Real-world messiness: When OLS fails

I once worked on a project trying to predict retail sales. We used Ordinary Least Squares because it was quick and easy to explain to the stakeholders. The model looked great on paper. Then we noticed the outliers.

One store had a massive sales spike because a celebrity randomly tweeted about it. Another store was closed for three weeks because of a burst pipe. Because OLS squares the errors, these two weird data points dragged the entire regression line toward them, ruining the predictions for the other 98 normal stores.

This is the biggest weakness of OLS. It is incredibly sensitive to outliers.

If you have "dirty" data, OLS will try its best to accommodate the weirdness, often at the expense of the truth. In those cases, experts like Peter Huber (who pioneered robust statistics) suggest using methods that don't square the errors, like Least Absolute Deviations (LAD), which is much more "forgiving" of those weird celebrity tweets.

Misconceptions that lead to bad decisions

A huge mistake people make is assuming that a high $R^2$ (R-squared) value means the model is "good."

$R^2$ tells you how much of the variation in your data is explained by the model. You could have an $R^2$ of 0.95 and still have a totally useless model if you've ignored the underlying assumptions. For example, if you regress the number of shark attacks against ice cream sales, you'll get a beautiful OLS line and a high $R^2$. Does ice cream cause shark attacks? No. They both just happen more often in the summer.

This is the classic "correlation is not causation" trap. OLS finds correlation. It does not prove that one thing causes another. To get to causation, you need experimental design or more advanced econometric tricks like Instrumental Variables.

Implementation: It's easier than you think

You don't need a PhD to run an Ordinary Least Squares regression. If you're using Python, the statsmodels library is the gold standard because it gives you a detailed "summary" sheet that looks like something out of an academic paper. If you're more into machine learning, scikit-learn has LinearRegression(), which uses OLS under the hood.

Even Excel can do it. Use the LINEST function or the Data Analysis Toolpak. Just please, for the love of data, look at your scatter plot before you trust the numbers. If your data looks like a banana, don't use a straight-line method.

Practical Next Steps for Your Data

If you’re ready to actually use this, don't just run the code and call it a day.
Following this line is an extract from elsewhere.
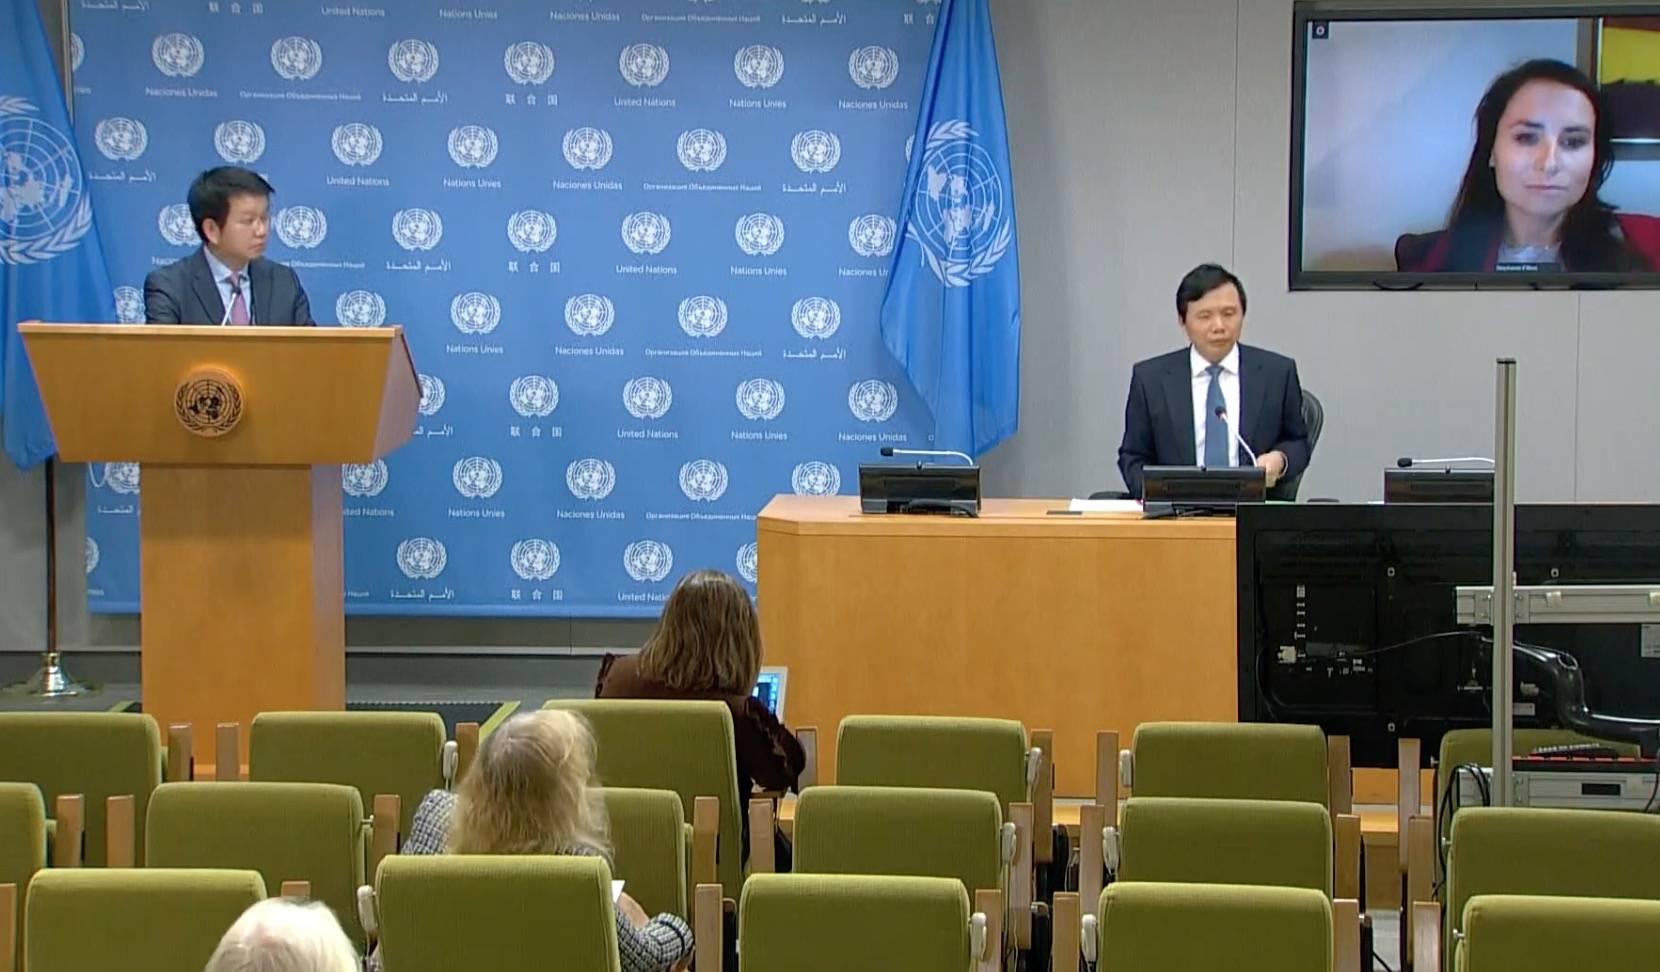 越南接任安理会轮值主席:反对单边制裁缅甸

First, visualize your residuals. After you run your OLS model, plot the errors. If you see a pattern—like a wave or a funnel shape—your model is missing something. It might be a non-linear relationship or a missing variable.

Second, check for high-leverage points. These are the outliers that are "pulling" your line too hard. Use a metric called Cook's Distance to identify them. Sometimes you should delete them; other times, they are the most important part of the story.

Third, standardize your variables. If you're regressing "Age in years" against "Income in millions," the scales are so different that it can make your coefficients hard to interpret. Scaling them helps you see which variable actually has the most "punch."

Ordinary Least Squares isn't just a classroom exercise. It’s the foundation of how we understand the relationship between variables in economics, biology, and engineering. Respect its assumptions, watch out for outliers, and it’ll serve you better than almost any other tool in your kit.


Next Steps:

  • Gather your dataset and create a scatter plot to visually check for a linear relationship.
  • Calculate the Correlation Coefficient ($r$) to see if a linear model is even appropriate.
  • Run your OLS regression and immediately generate a residual plot to validate the homoscedasticity assumption.
  • Identify any data points with a Cook's Distance greater than 1 and investigate if they are errors or genuine anomalies.